Expression of Polypeptide Encoded by Full-Length cDNA or Full-Length Gene
[0086] The provided polynucleotides (e.g., a polynucleotide having a sequence of at least one SEQ ID NOS:1-38), the corresponding cDNA, or the full-length gene is used to express a partial or complete gene product. Constructs of polynucleotides having sequences of at least one SEQ ID NOS:1-38 can also be generated synthetically. Alternatively, single-step assembly of a gene and entire plasmid from large numbers of oligodeoxyribonucleotides is derived from DNA shuffling, and does not rely on DNA ligase, but instead relies on DNA polymerase to build increasingly longer DNA fragments during the assembly process.
[0087] Appropriate polynucleotide constructs are purified using standard recombinant DNA techniques.

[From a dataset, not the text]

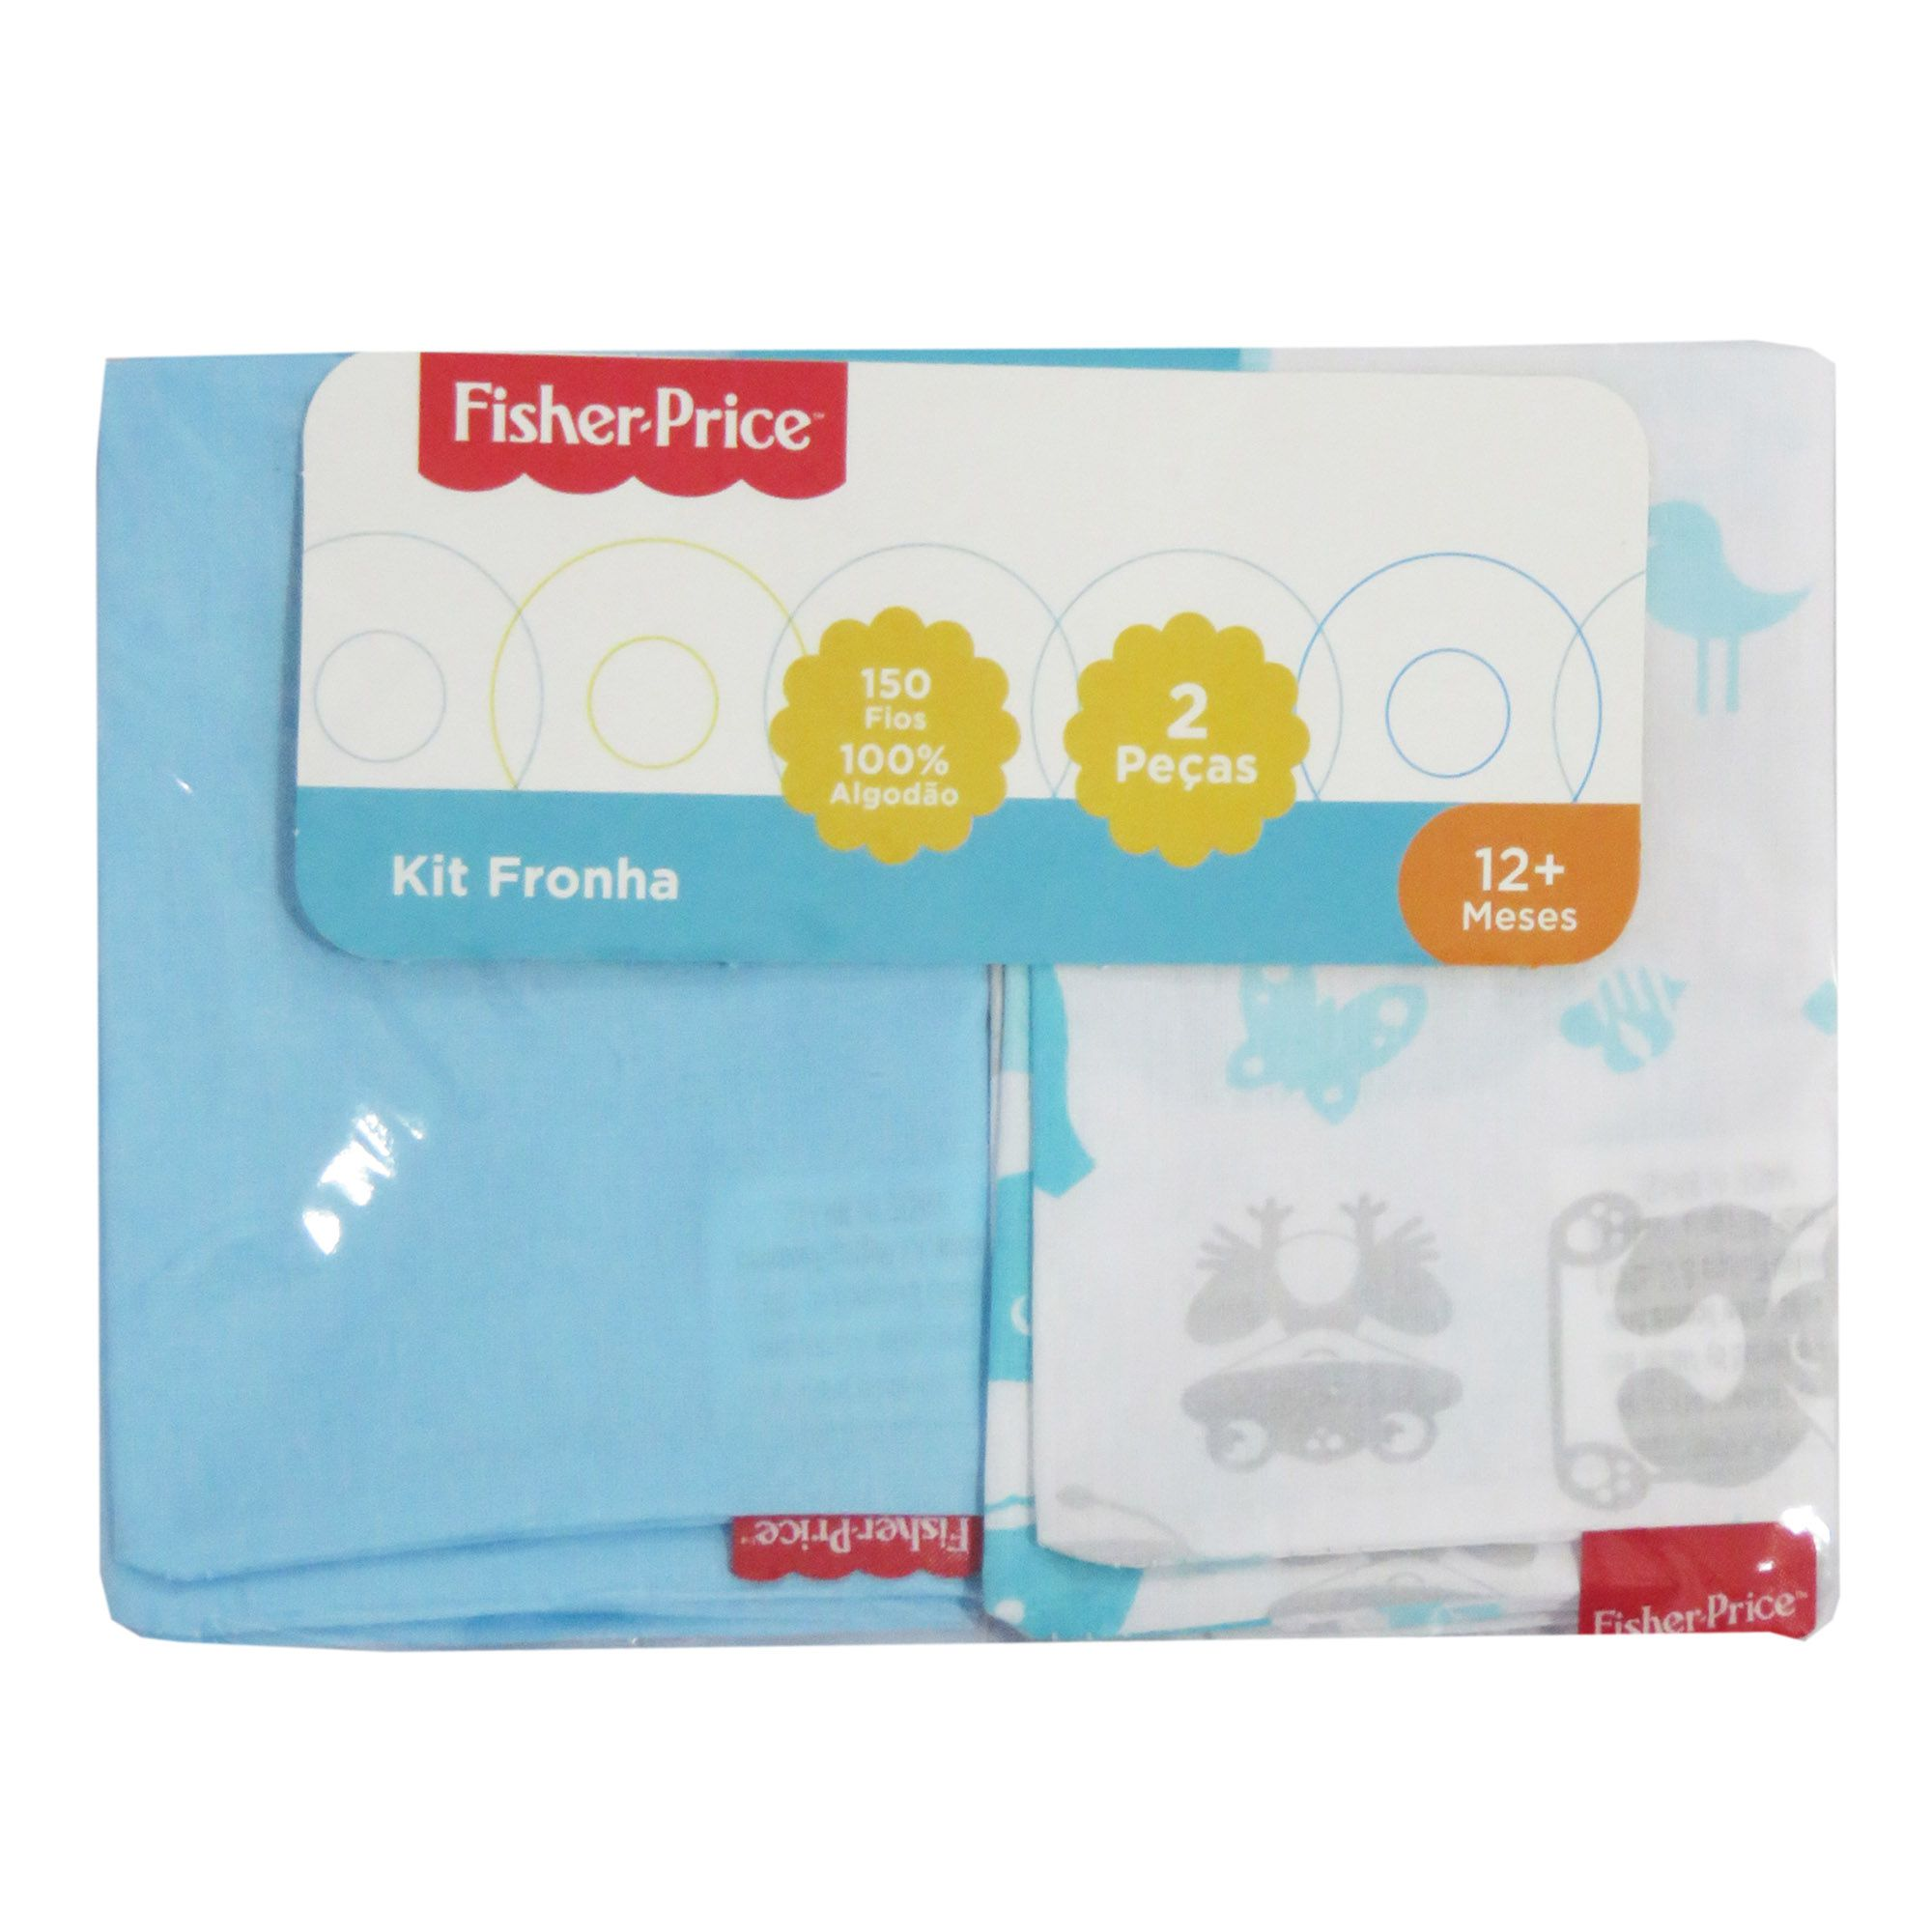 Kit Fronha Incomfral Fisher-Price - Azul Claro

The gene product encoded by a polynucleotide of the present disclosure is expressed in any expression system, including, for example, bacterial, yeast, insect, amphibian and mammalian systems.
[0088] The polynucleotides set forth in SEQ ID NOS:1-38 or their corresponding full-length polynucleotides are linked to regulatory sequences as appropriate to obtain the desired expression properties. These can include promoters (attached either at the 5' end of the sense strand or at the 3' end of the antisense strand), enhancers, terminators, operators, repressors, and inducers. The promoters can be regulated or constitutive. In some situations it may be desirable to use conditionally active promoters, such as tissue-specific or developmental stage-specific promoters. These are linked to the desired nucleotide sequence using the techniques described above for linkage to vectors. Any techniques known in the art can be used.
[0089] When any of the above host cells, or other appropriate host cells or organisms, are used to replicate and/or express the polynucleotides or nucleic acids of the present disclosure, the resulting replicated nucleic acid, RNA, expressed protein or polypeptide, is within the scope of the present disclosure as a product of the host cell or organism. The host cells are cultivated in a suitable medium and he product is recovered by any appropriate means known in the art.
[0090] In some embodiments, the method has secretion routes for transporting the desired product or other metabolites across a cell wall or cell membrane, for example, a transport reaction, hydrogen symporter, diffusion, or the like. In one embodiment, the secretion routes allow for the presence of the steady state metabolic pathway. In one embodiment, separate optimizations can be run for all potential transport mechanisms to identify unknown transport mechanisms.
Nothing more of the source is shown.